■ **Work task**:
Although the data below contains pictures, output only the lines between those holding "piazze-fontane-monumenti-1920x600" and "Bhaate bhaat bengali", inclusive, exactly and without those pictures.

■ **Entries provided**:
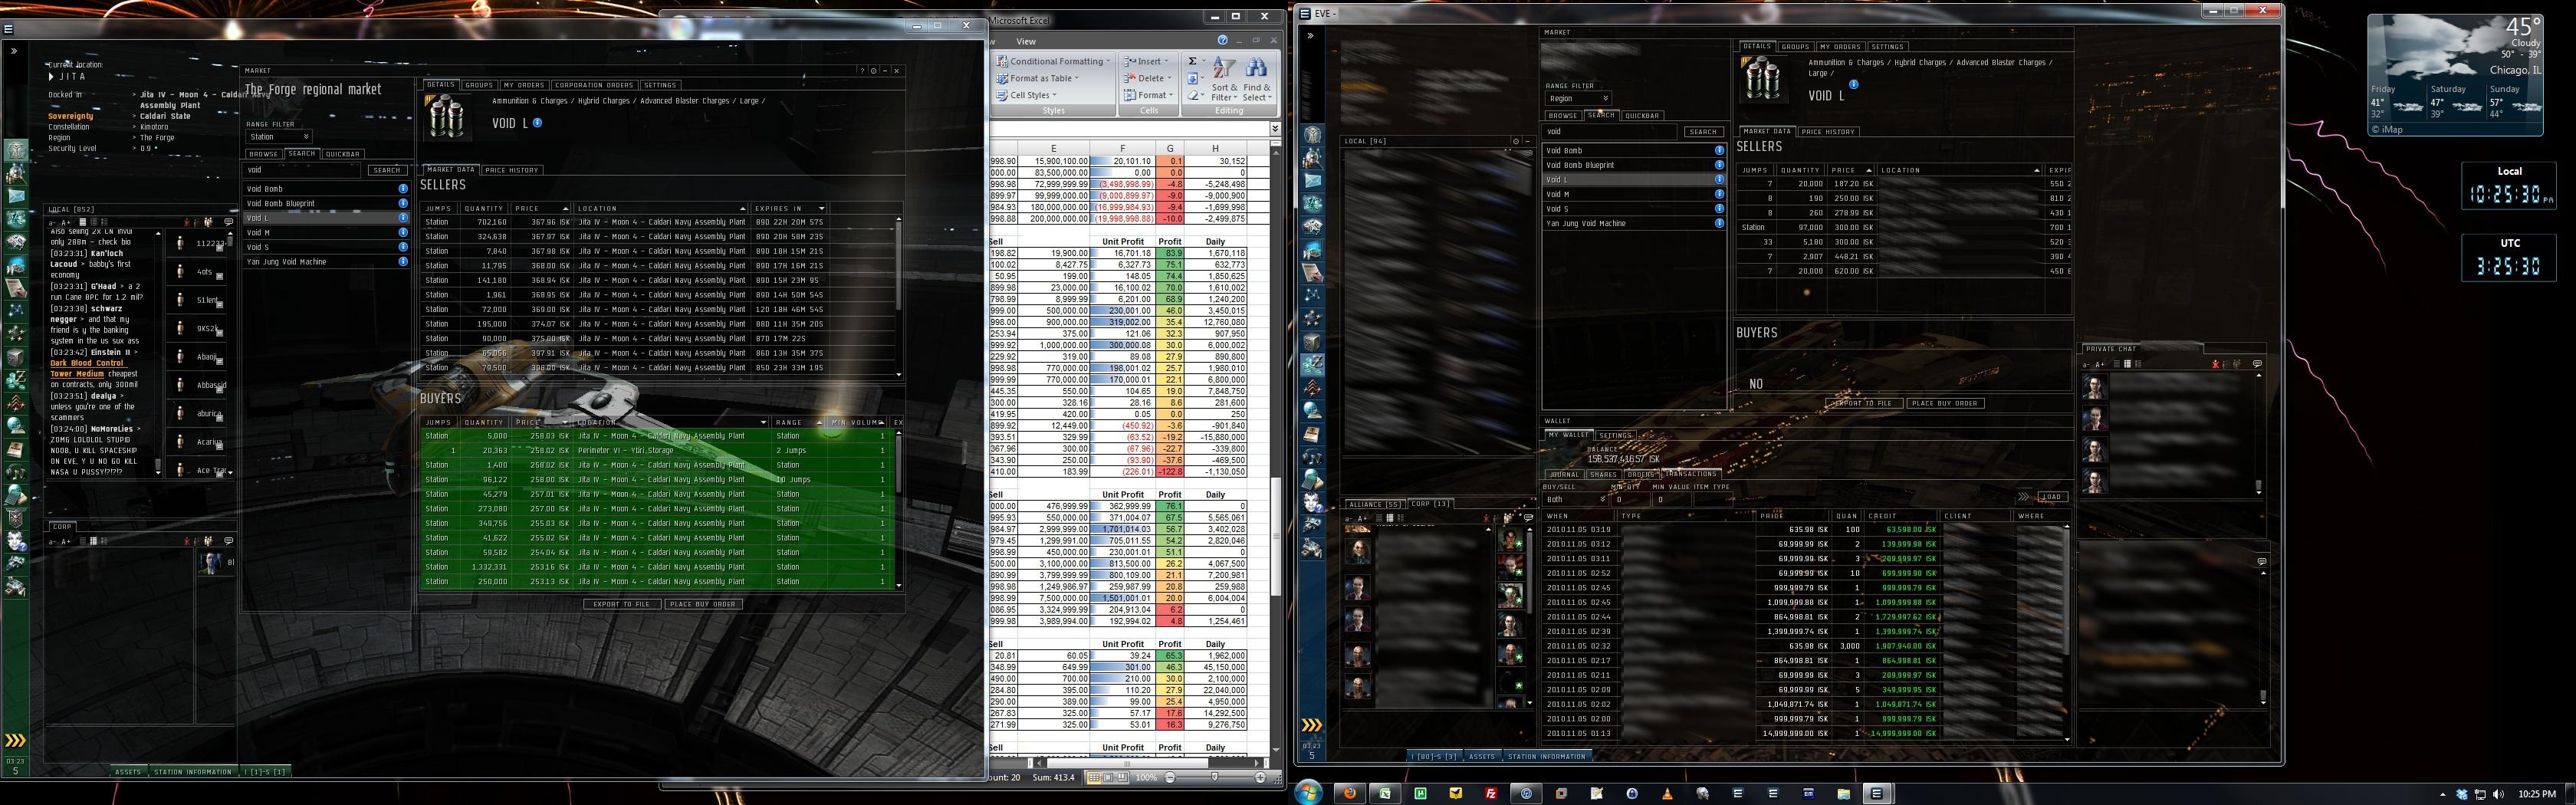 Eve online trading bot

--

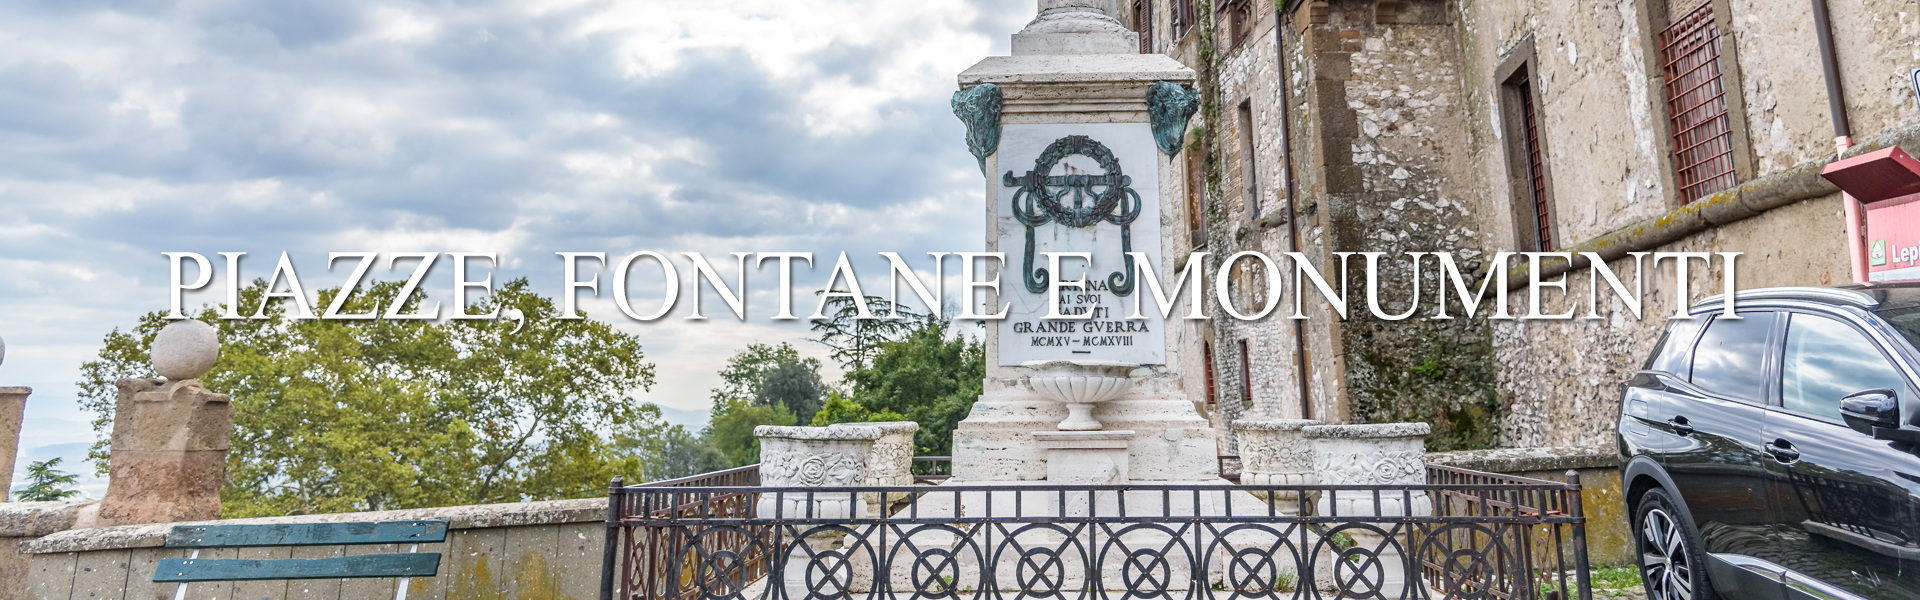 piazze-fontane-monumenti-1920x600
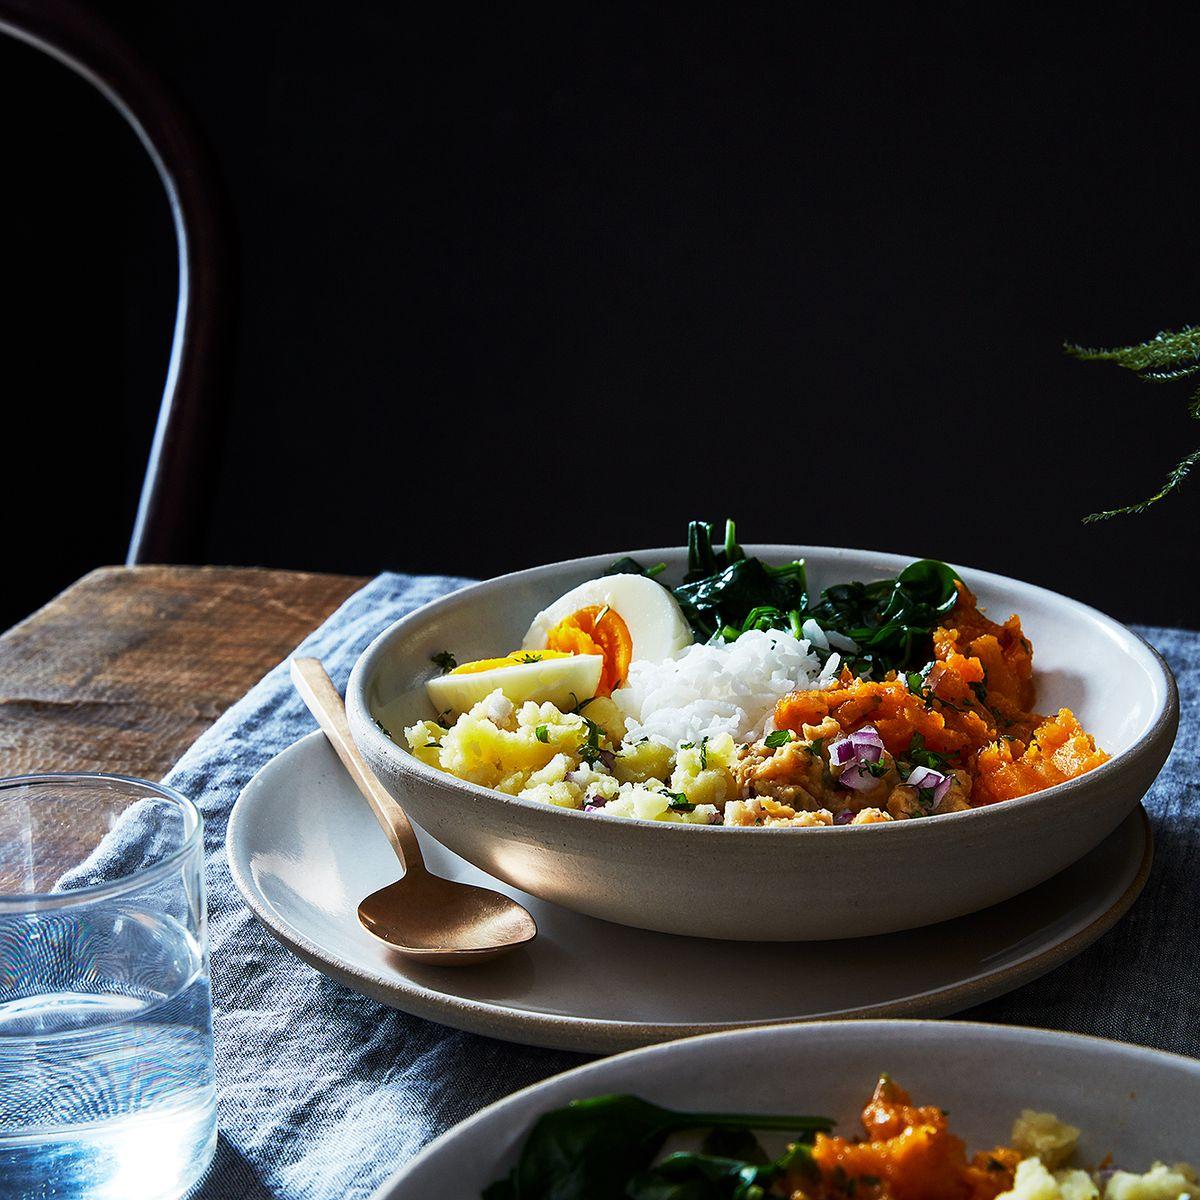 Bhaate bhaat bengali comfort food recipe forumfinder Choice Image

■ **Task output**:
 piazze-fontane-monumenti-1920x600
 Bhaate bhaat bengali comfort food recipe forumfinder Choice Image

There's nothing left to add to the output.